[Available data Boundary: Start]

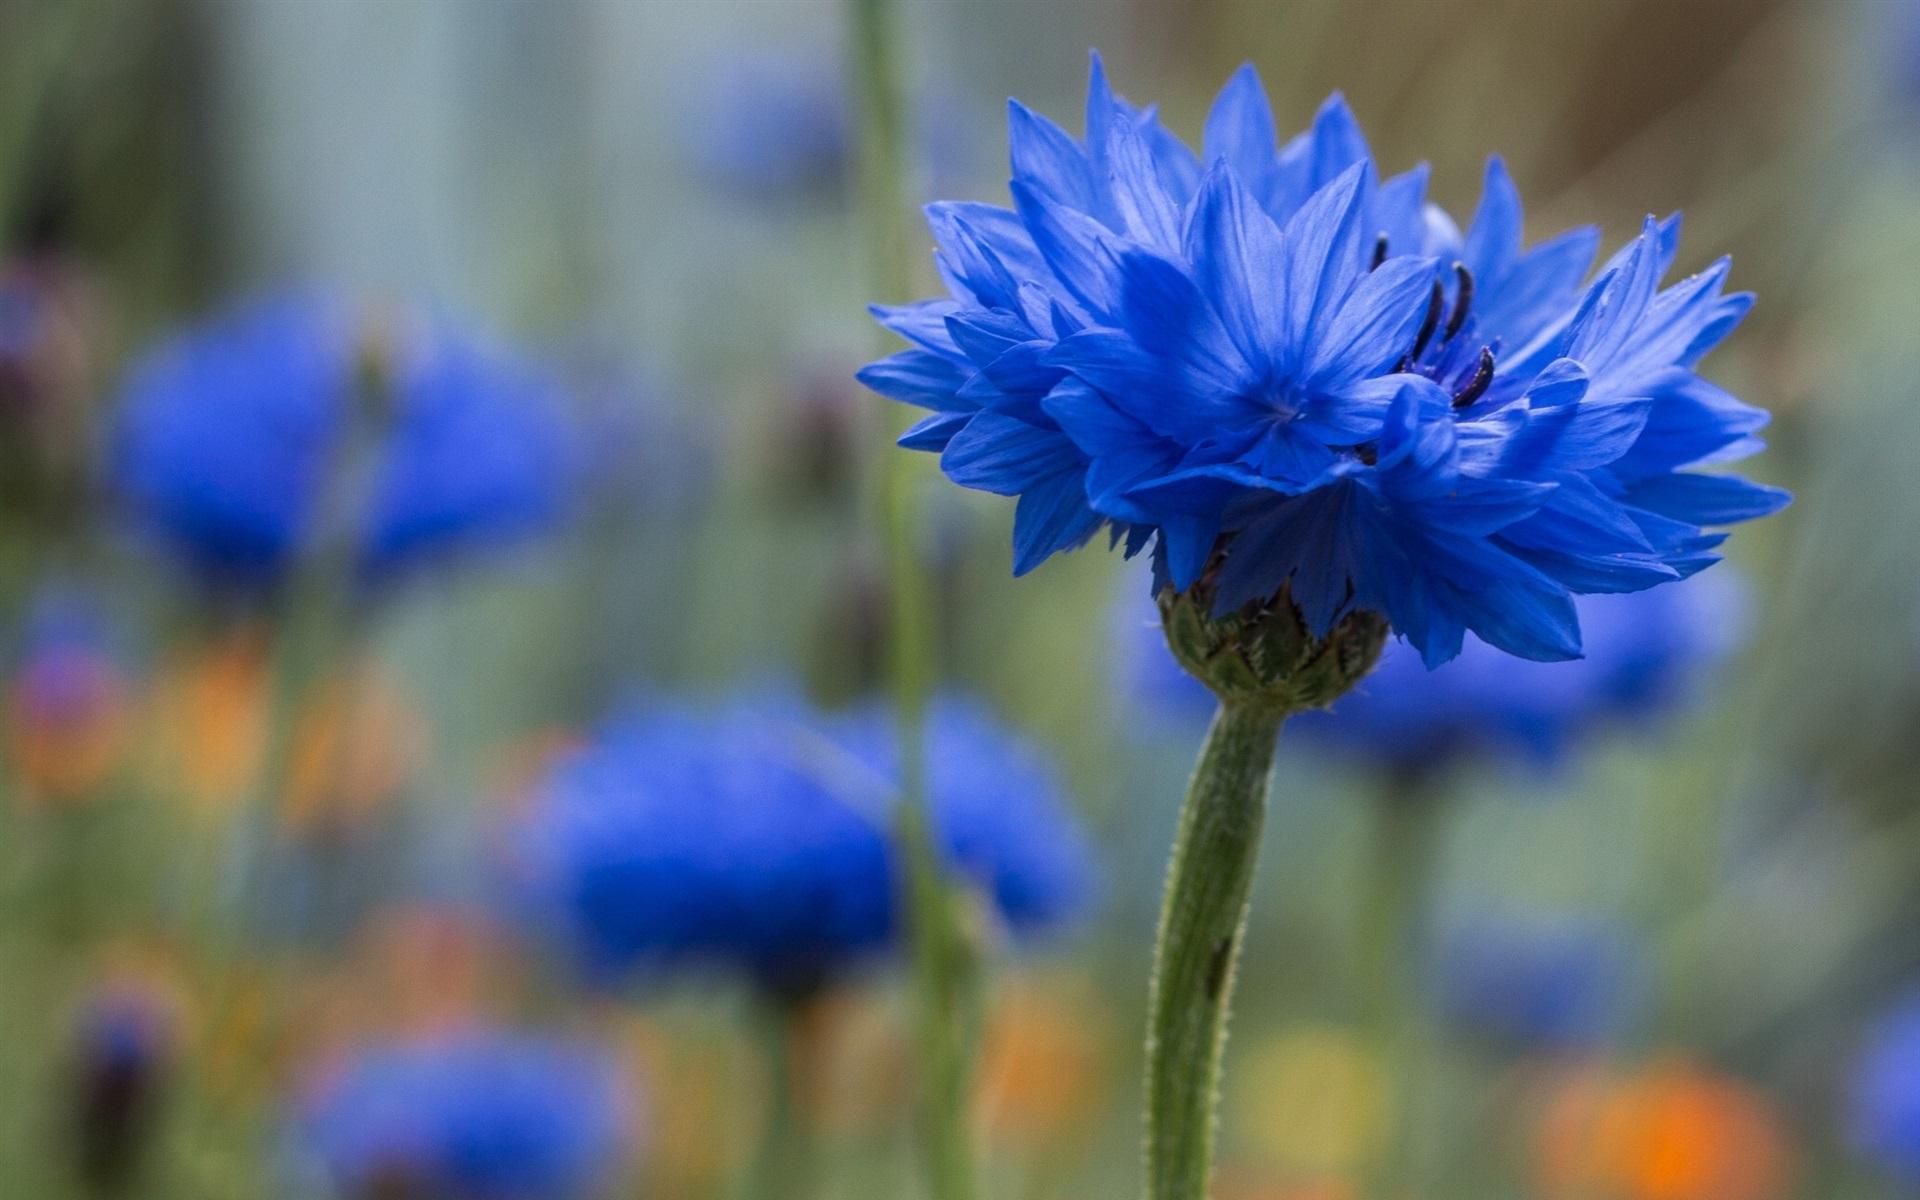 Hintergrundbilder Blaue Blume: Blaue Kornblumen-Blume 1920x1200 HD Hintergrundbilder, HD
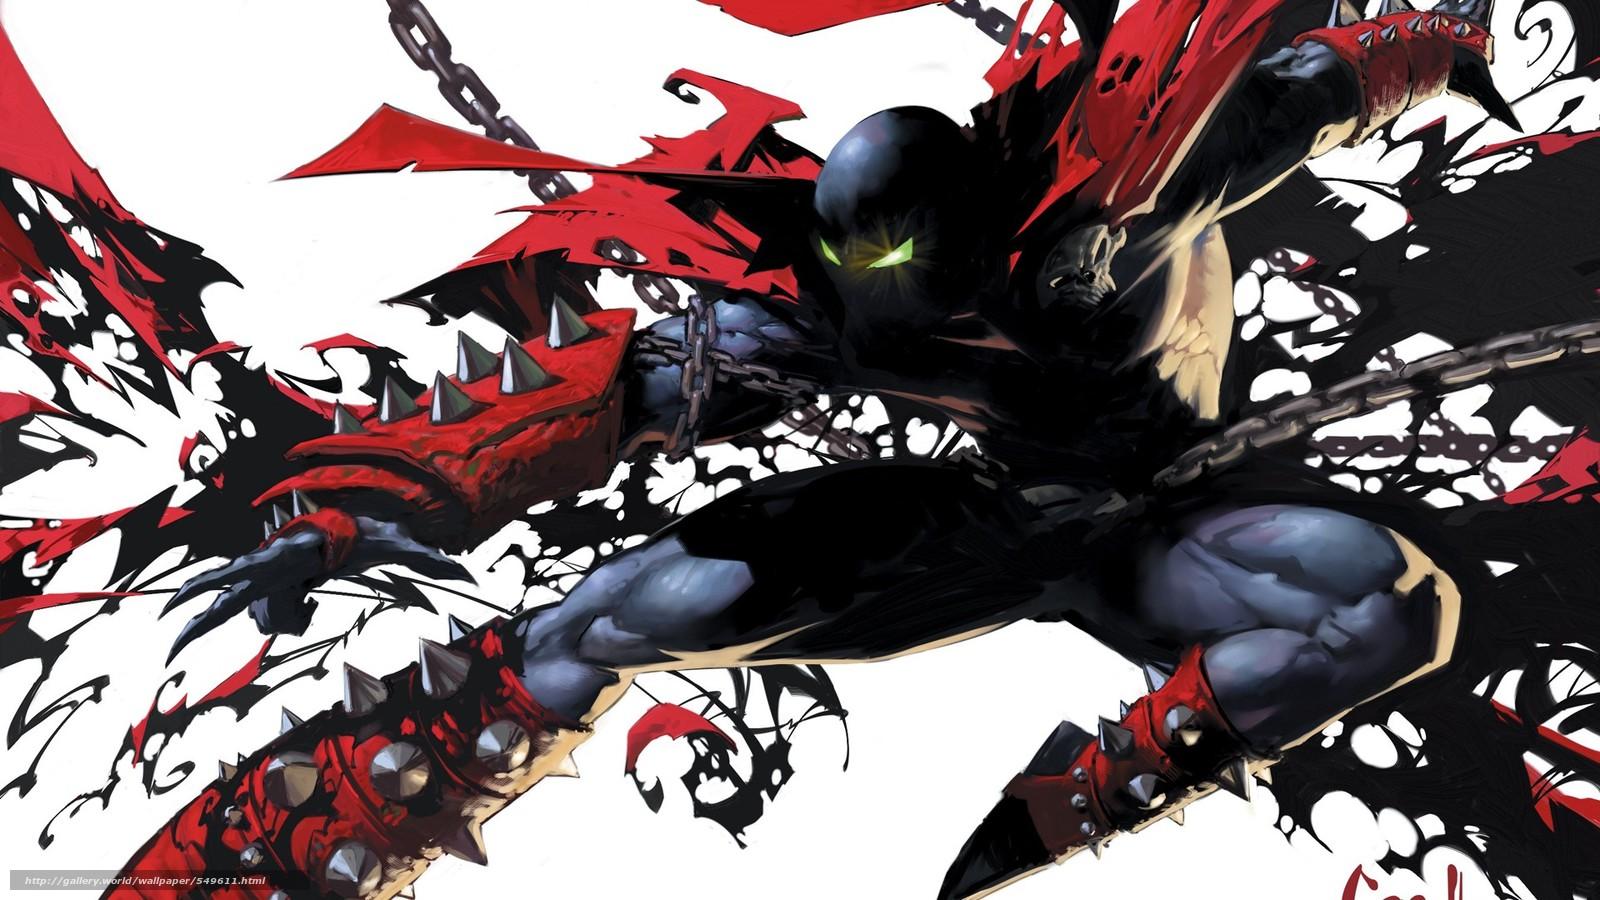 batman wallpaper hd download
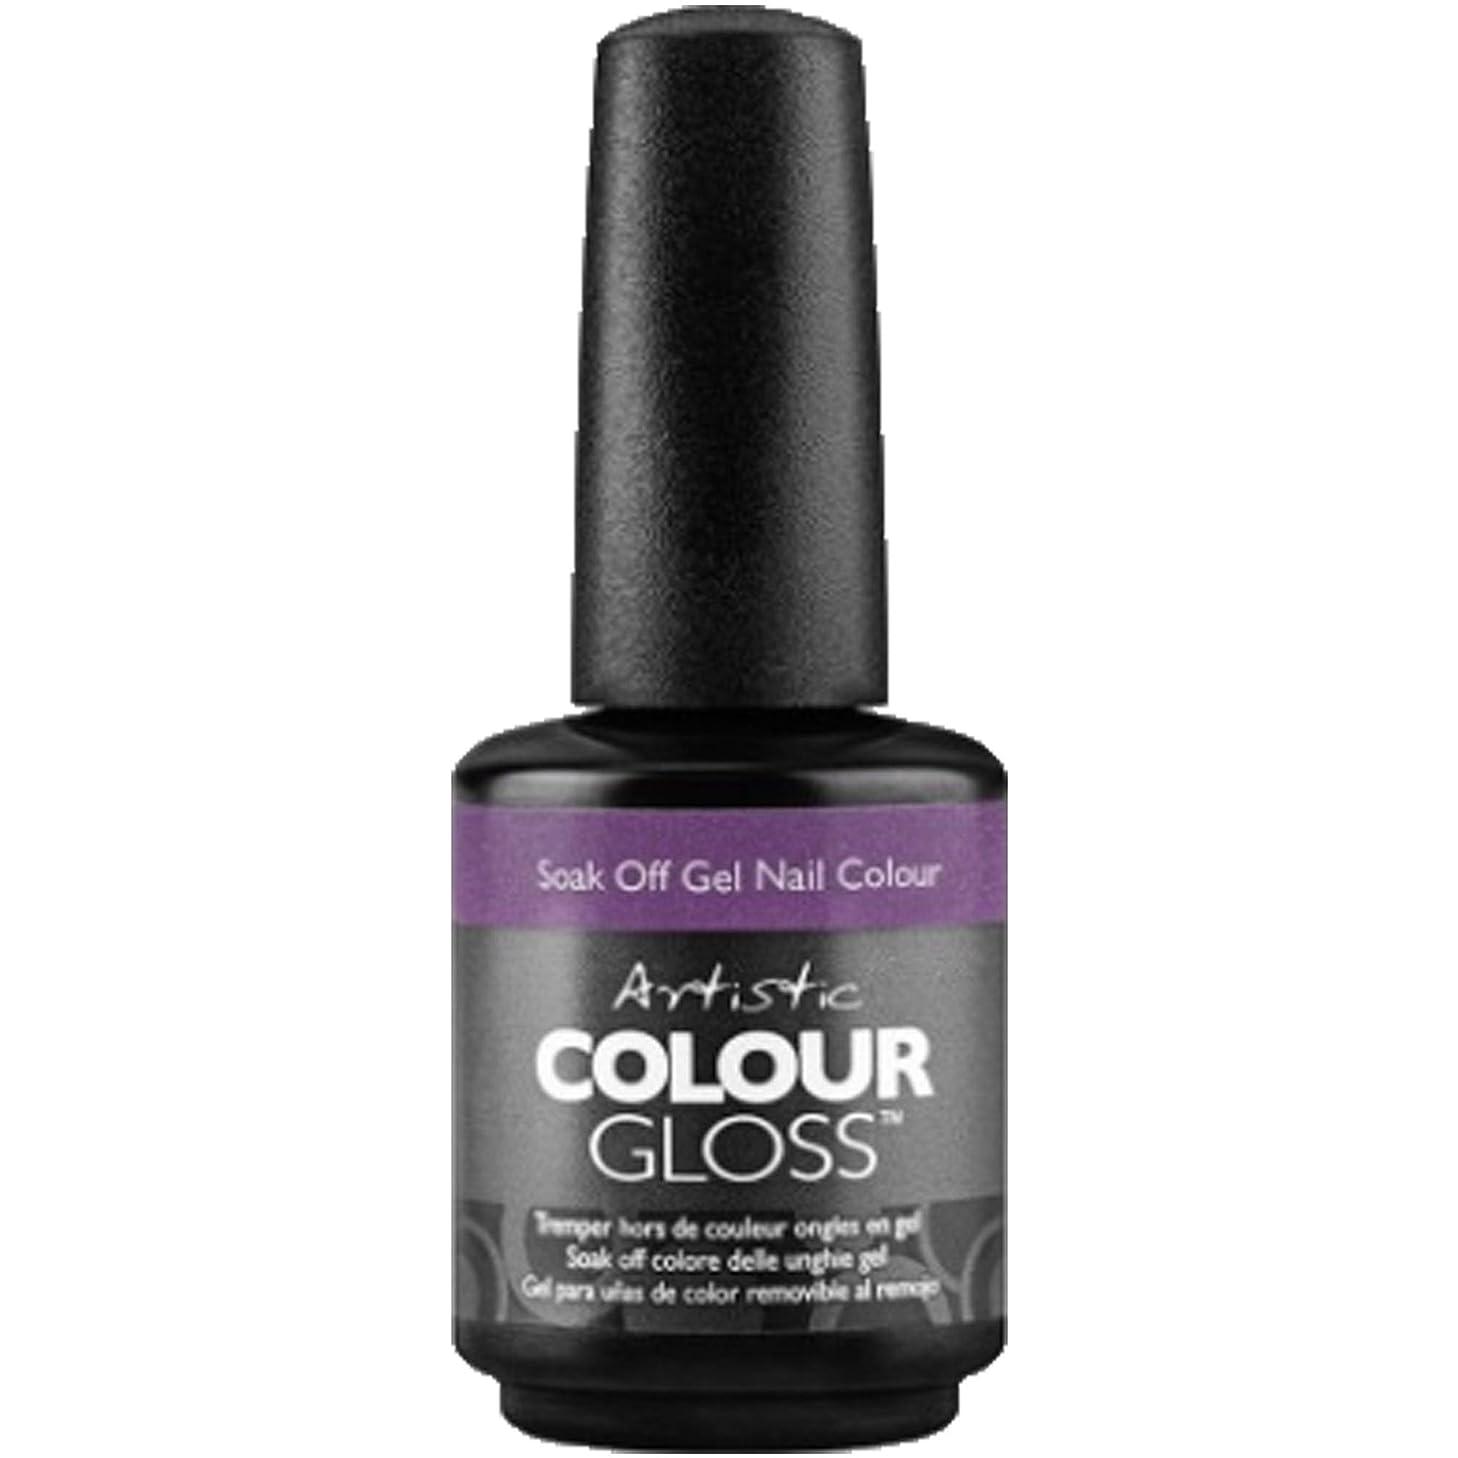 抗生物質リラックス不完全Artistic Colour Gloss - I've Been Good-ish - 0.5oz / 15ml
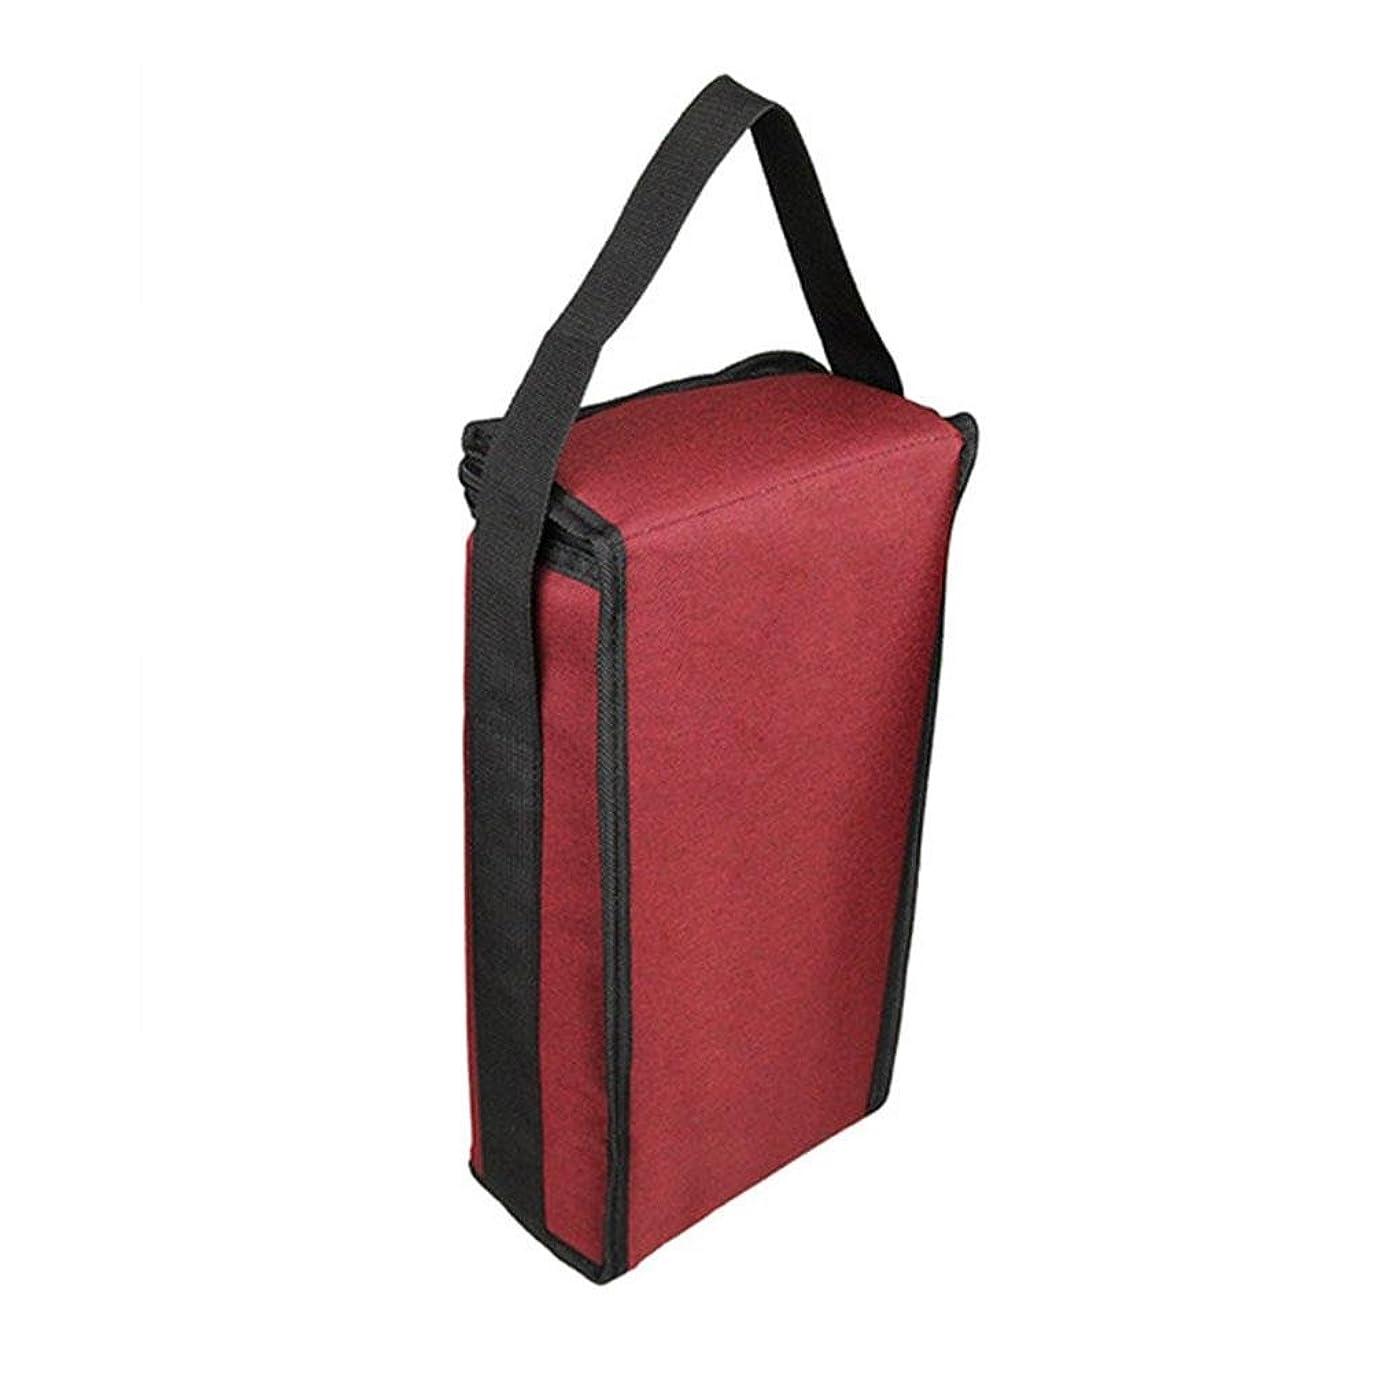 ペアつぶやき医学TeFuAnAn 2本入り ワイン保冷バッグ ワインバッグ 保冷 ポータブル オックスフォード製 防水

[Available data Boundary: End]

■ **Work task**
What is needed is a verbatim copy of the material, minus its pictures.

■ **Written reply**
 Hintergrundbilder Blaue Blume: Blaue Kornblumen-Blume 1920x1200 HD Hintergrundbilder, HD
 batman wallpaper hd download
 抗生物質リラックス不完全Artistic Colour Gloss - I've Been Good-ish - 0.5oz / 15ml
 ペアつぶやき医学TeFuAnAn 2本入り ワイン保冷バッグ ワインバッグ 保冷 ポータブル オックスフォード製 防水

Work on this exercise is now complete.